Most people do not have the strength, or the will, to end a relationship the moment they notice that the time to do so has come. It usually takes a little time for our minds to get to the point of overriding what our hearts want. While we wait for this to happen, we are usually miserable. It’s especially difficult when we are not convinced that the relationship is hopeless. What we are convinced of, is how bad we want things to change. More specifically, we want our partner, and their behavior to change.
One of the things that dating and relationships teaches us, is that there is no way to change another person. We can make suggestions, set examples, and nag; but it will not change the other person. What it may change is how angry and defensive they become towards us.
When things between you and your partner get so bad that every interaction you have with them leaves you feeling angry and frustrated, you know it’s time for a change. One way to ease yourself out of a bad relationship, and at the same time make things better for yourself, would be to change as many things about yourself as you can, while you are still in it
Keeping your mind focused on the part you play in your misery can help you to see that you can do just as much to contribute to your satisfaction. Every time you find yourself thinking; if only they would have a better attitude, or if only they would give you more attention, redirect your thoughts. Instead think about the other places you can go to interact with people who have positive attitudes. Go places where you will get a lot of attention.
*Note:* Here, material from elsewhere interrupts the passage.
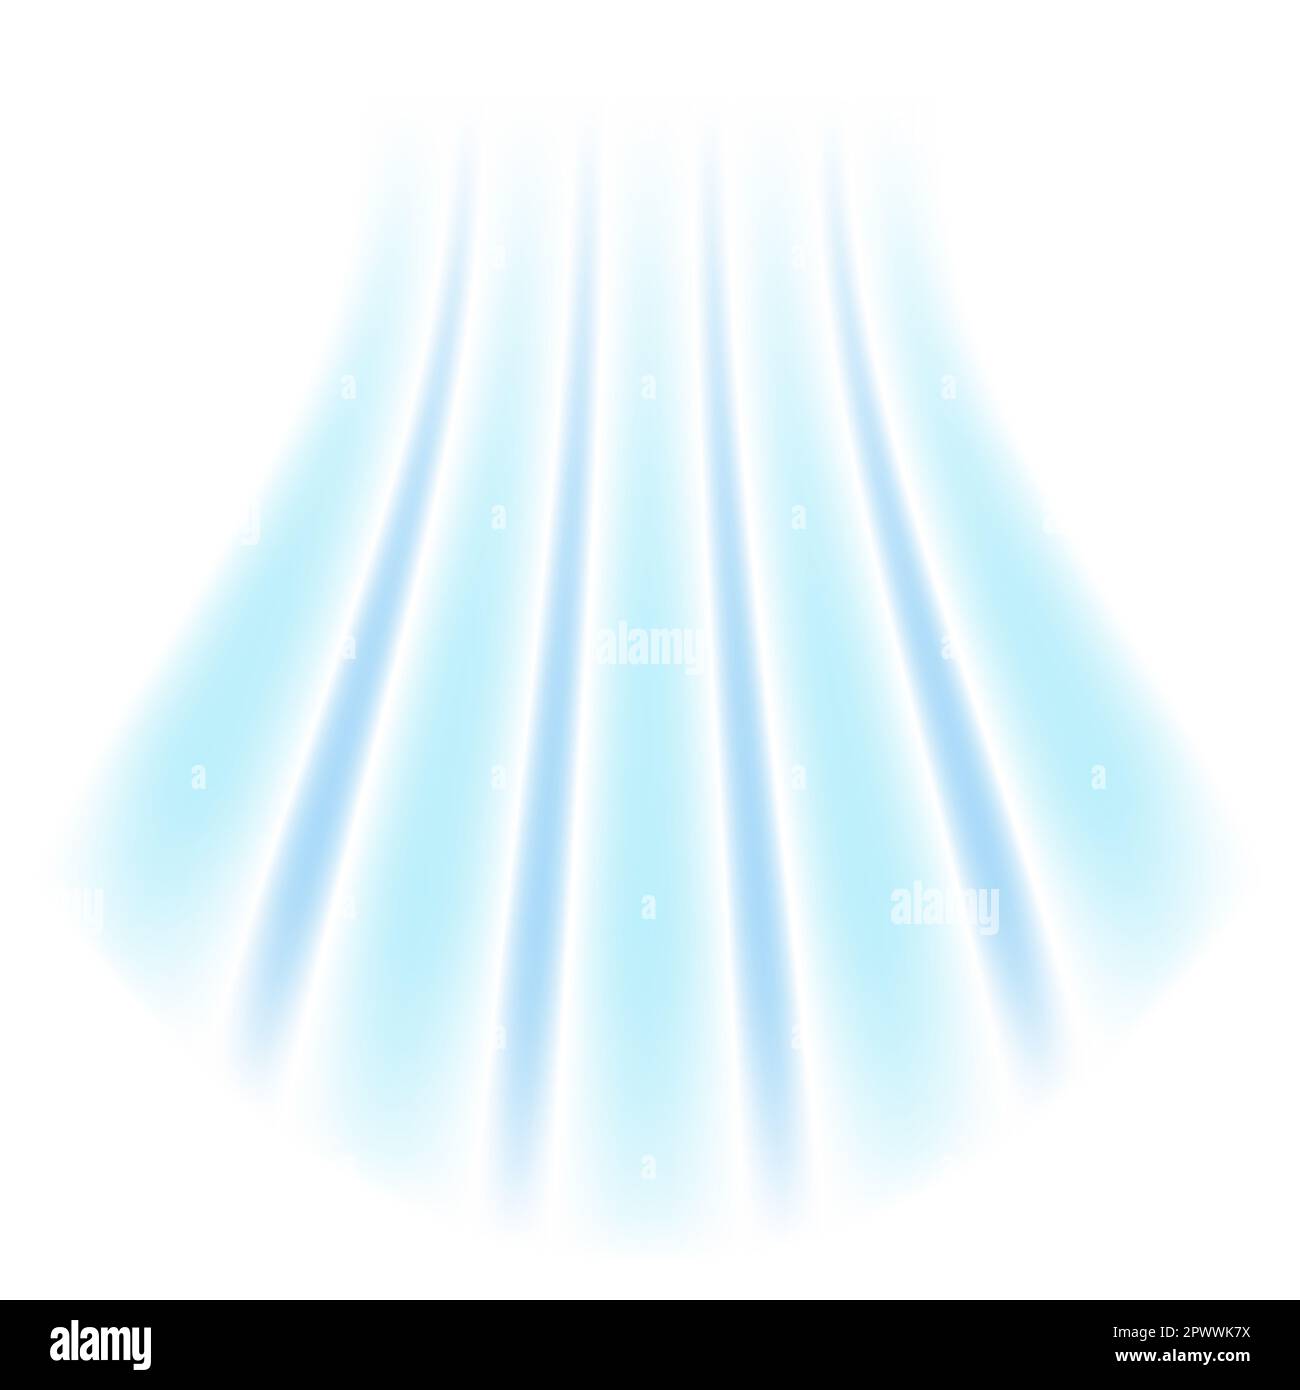 Frischluftstrom aus der Klimaanlage. Funkelnder Lichteffekt mit blauen  Strahlen. Nachahmung von kaltem Wind oder Frost auf weißem Hintergrund  Stockfotografie - Alamy

Stop limiting yourself to only being open and receptive of attention and affection from the one person who will not give it to you.
It’s tempting to keep trying to elicit the reactions you are used to getting from a person, once they stop giving them to you. It almost becomes a competition of the wills. At least, that’s how you see it. They may have other issues that they are obviously putting before your feelings and needs. Remember, you cannot change that. Believe that they do know you are unhappy and not feeling loved. They just don’t see it as being as much of a priority as you do.
It’s possible for you to use this time when they don’t seem to be paying attention, to find yourself, your strength, and your courage, to just walk away. Immediately after you do, you will see that everything will change. And considering the way you were feeling, that is a good thing.